» **About this task**:
Copy every line in the records below that contains the word "Birkin".

» **Source records**:

::::::::::

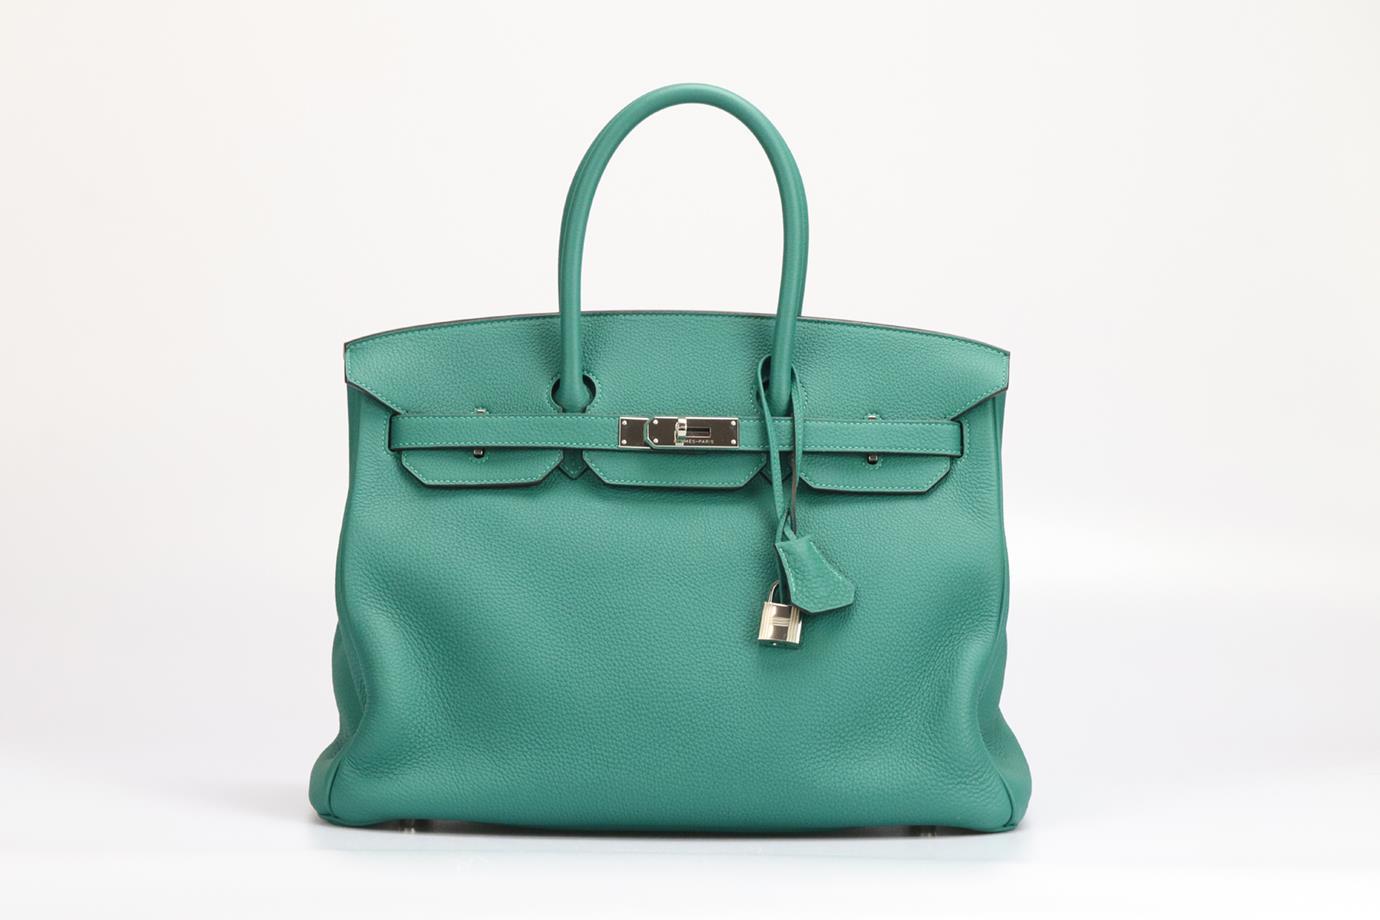 <ul>
<li>Hermès 2013 Birkin 35Cm Maurice Leather Bag.</li>
<li>Vert.</li>
<li>Fermeture par serrure tournante - Devant.</li>
<li>Il n'est pas accompagné d'un sac à poussière ou d'une boîte.</li>
<li>Modèle : Birkin 35.</li>
<li>Fabriqué en France,

::::::::::

» **Worked solution**:
<li>Hermès 2013 Birkin 35Cm Maurice Leather Bag.</li>
<li>Modèle : Birkin 35.</li>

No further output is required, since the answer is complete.